▶ [YOUR INSTRUCTIONS]: Reproduce, without alteration, every line of the data; exclude the images.

▶ [SOURCE DATA]:
※

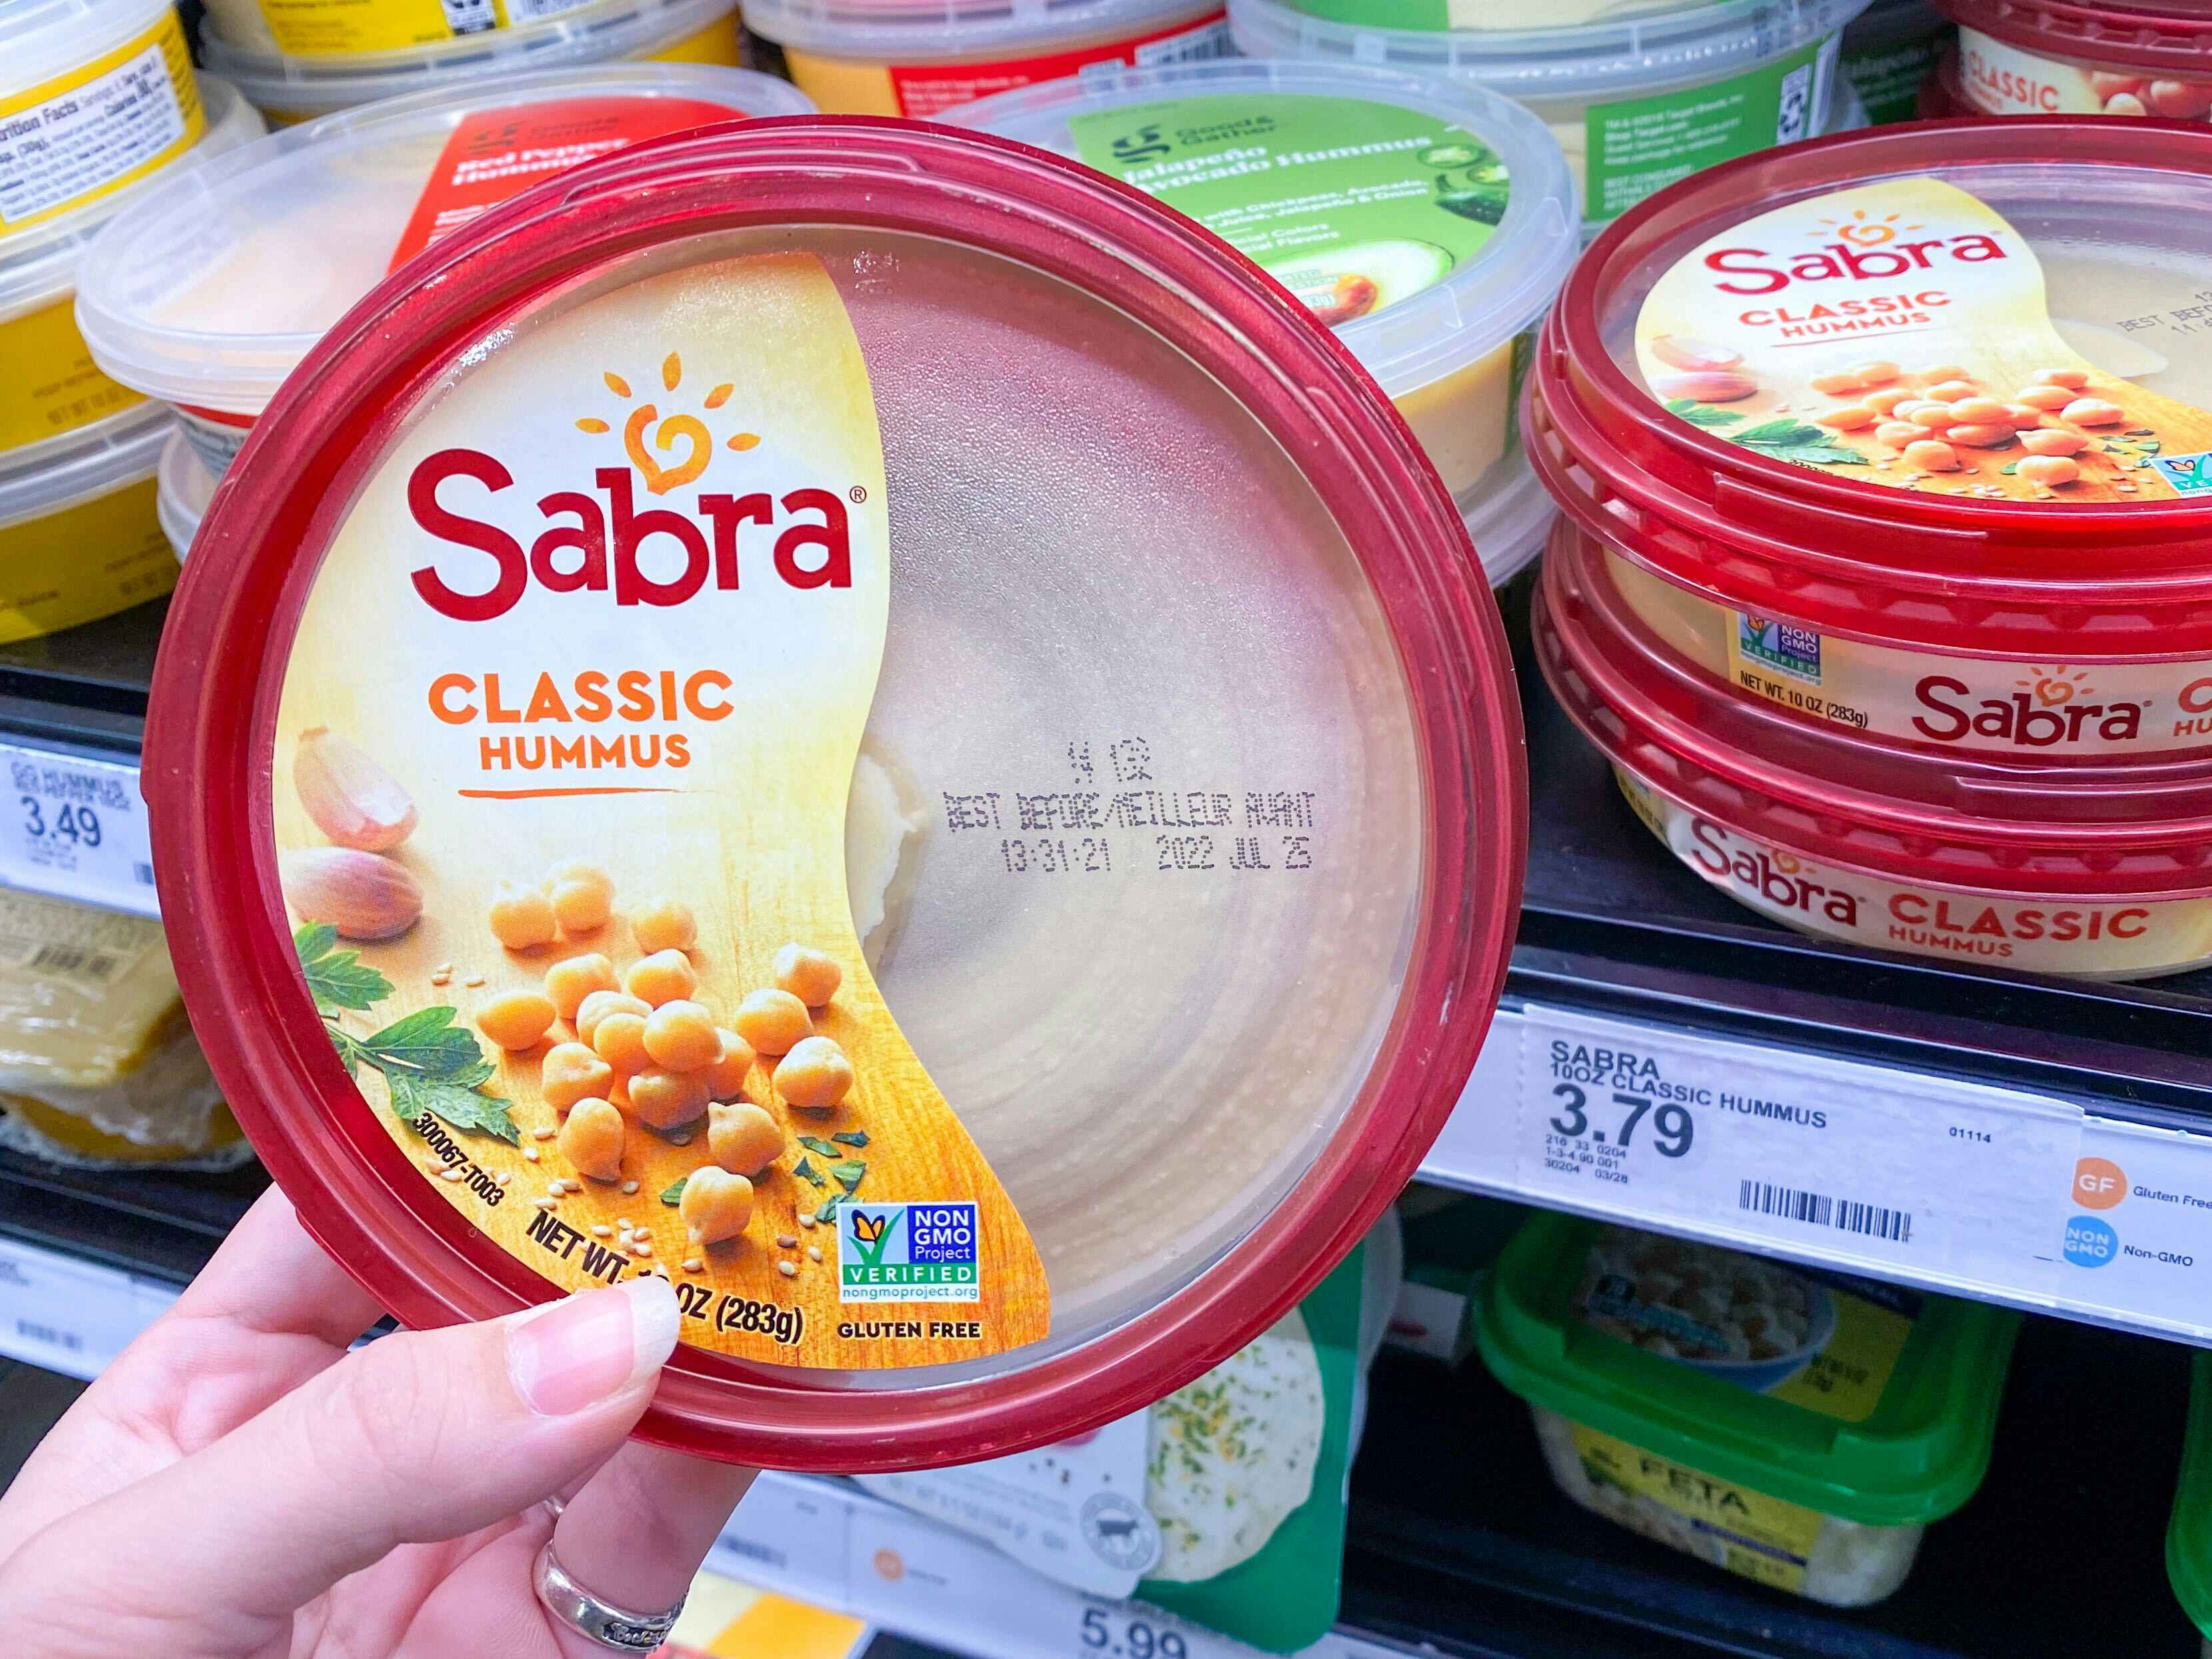 Sabra Classic Hummus held in front of shelf at Target. Price sticker on the shelf reads $3.79.
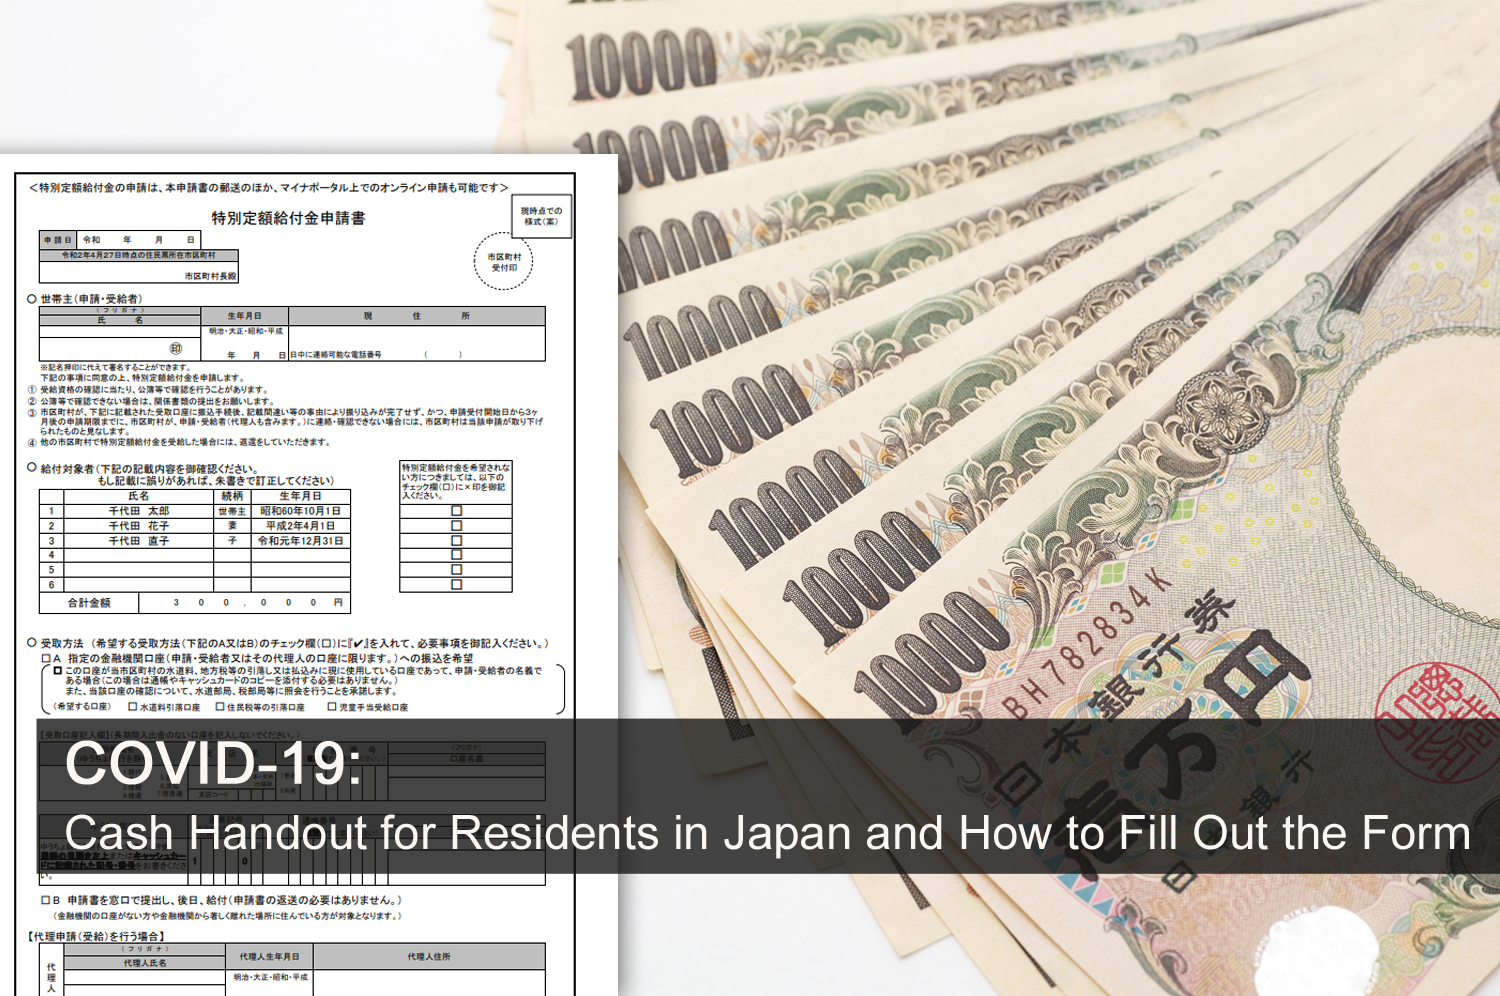 COVID-20: Cash Handout for Residents in Japan and How to Fill Out
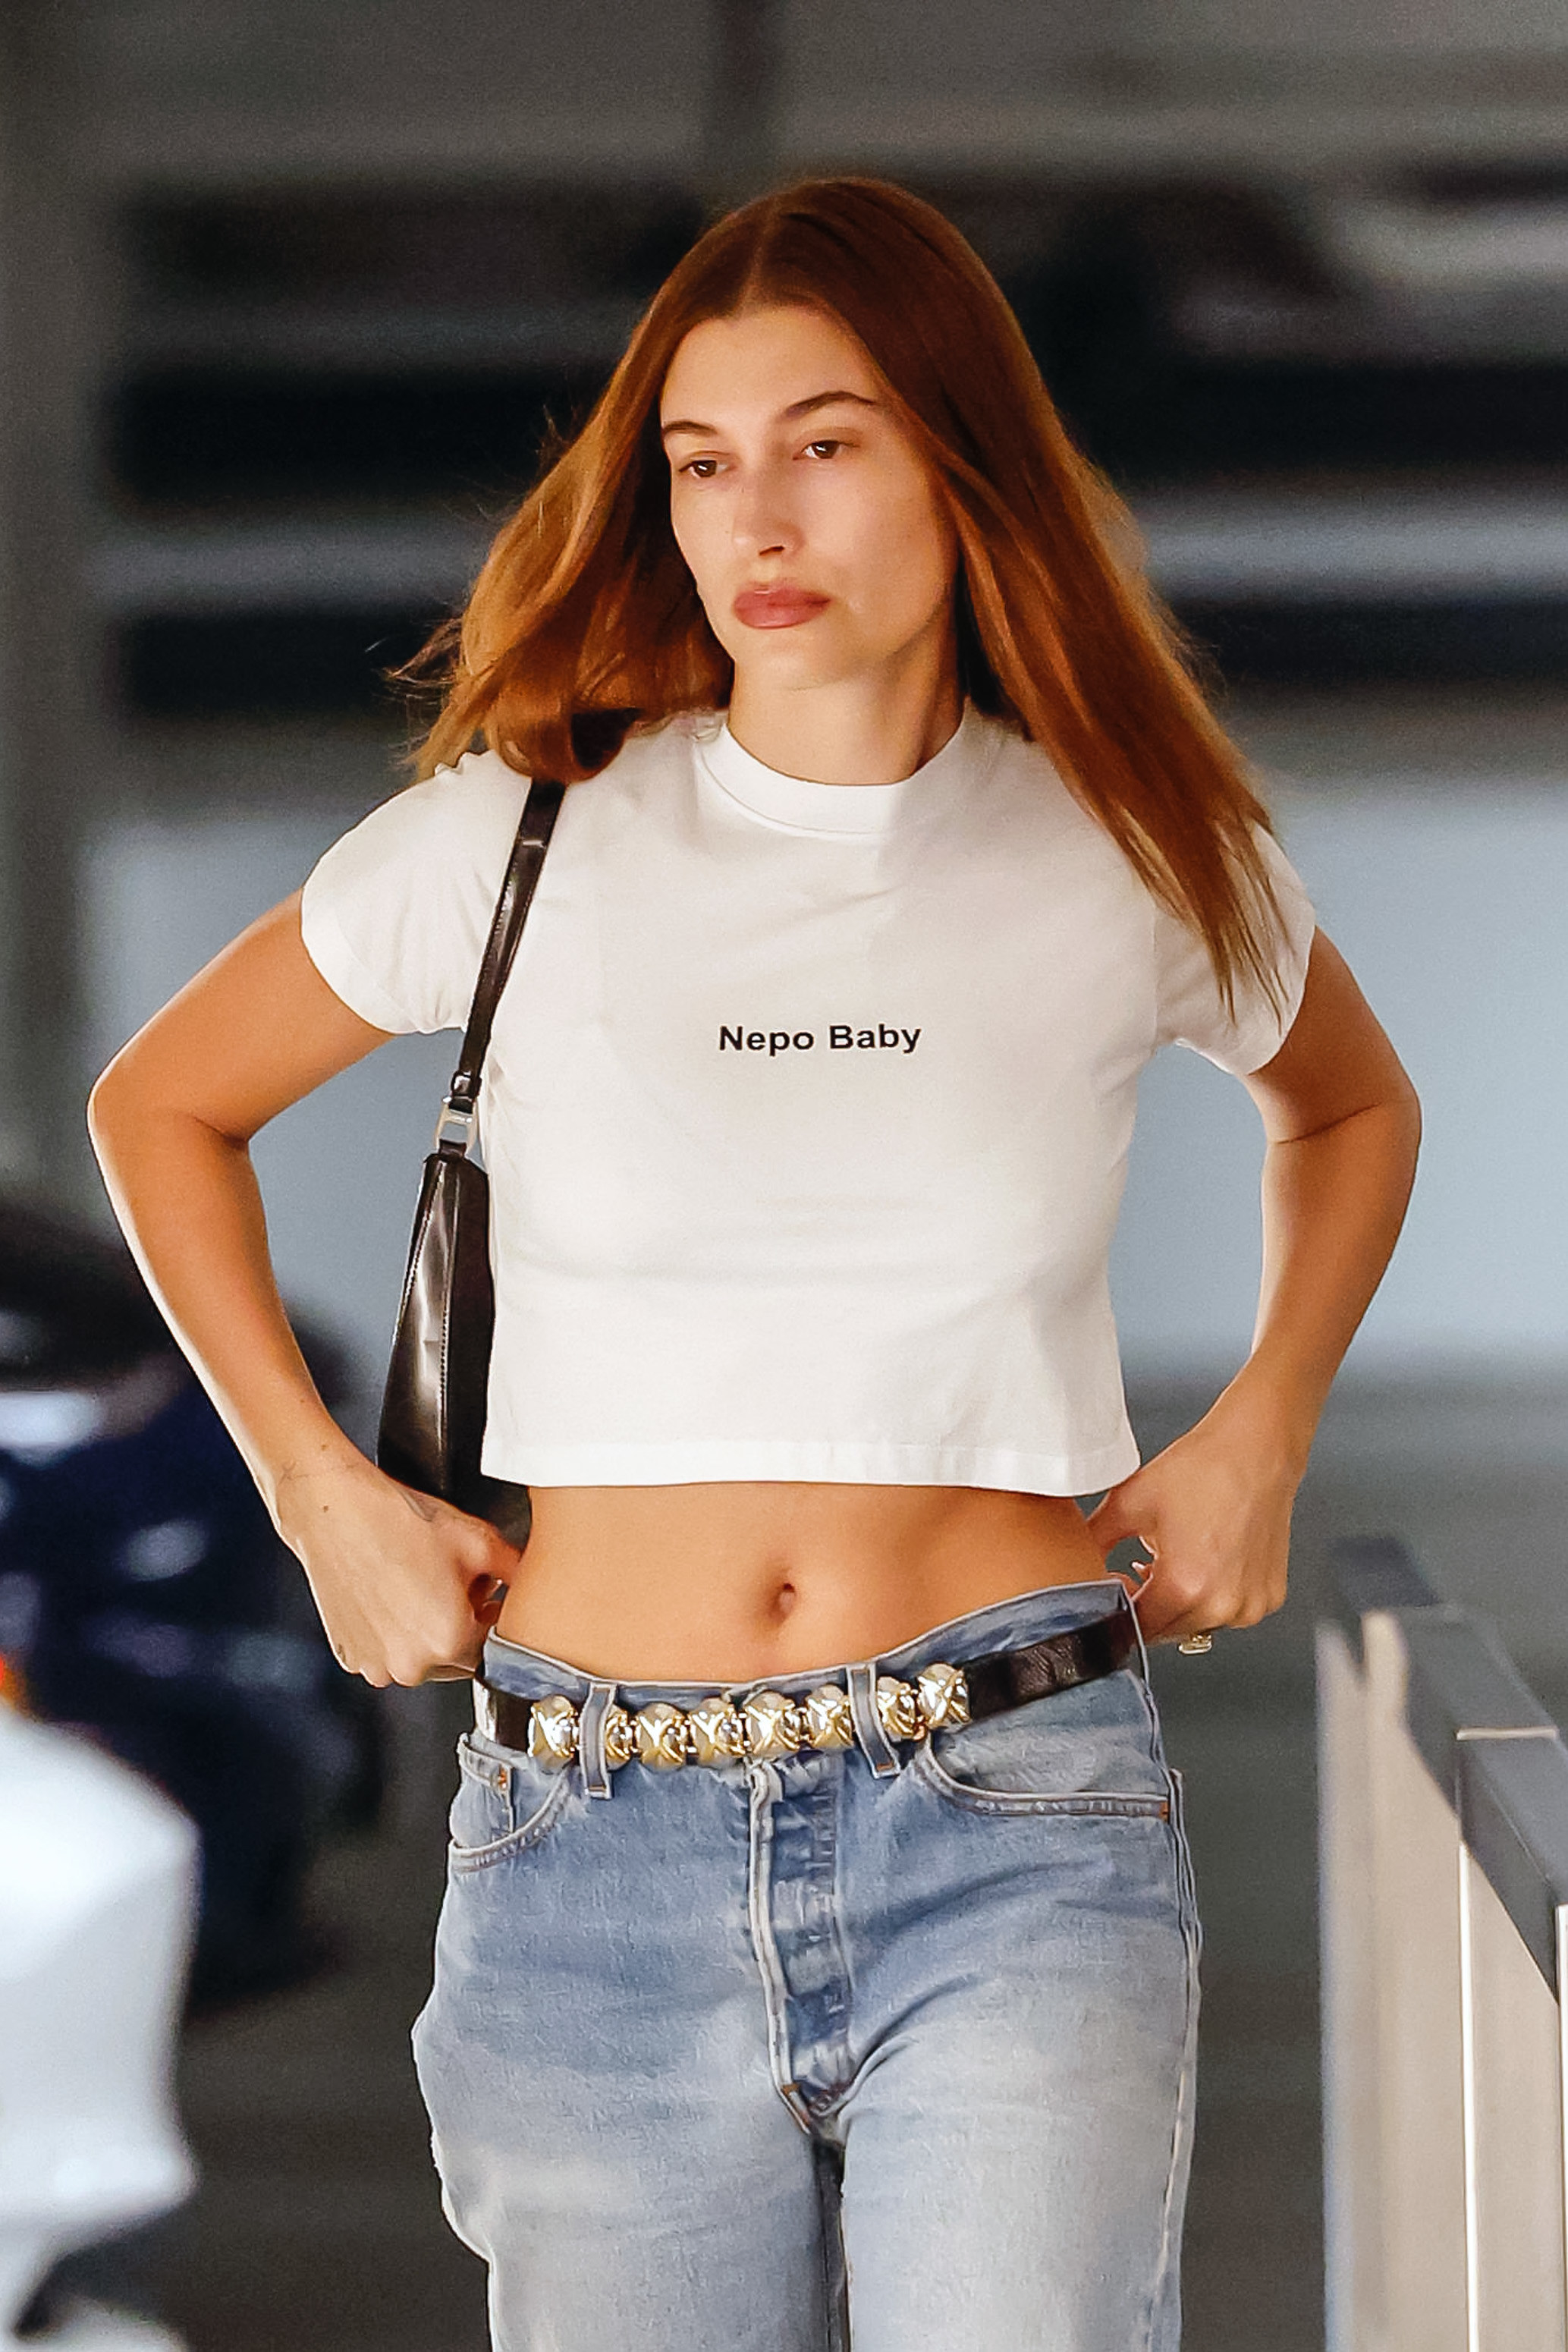 Hailey Bieber wearing the T-shirt and jeans on January 6, 2023, in Los Angeles

※

▶ [RESPONSE AREA]:
 Sabra Classic Hummus held in front of shelf at Target. Price sticker on the shelf reads $3.79.
 COVID-20: Cash Handout for Residents in Japan and How to Fill Out
 Hailey Bieber wearing the T-shirt and jeans on January 6, 2023, in Los Angeles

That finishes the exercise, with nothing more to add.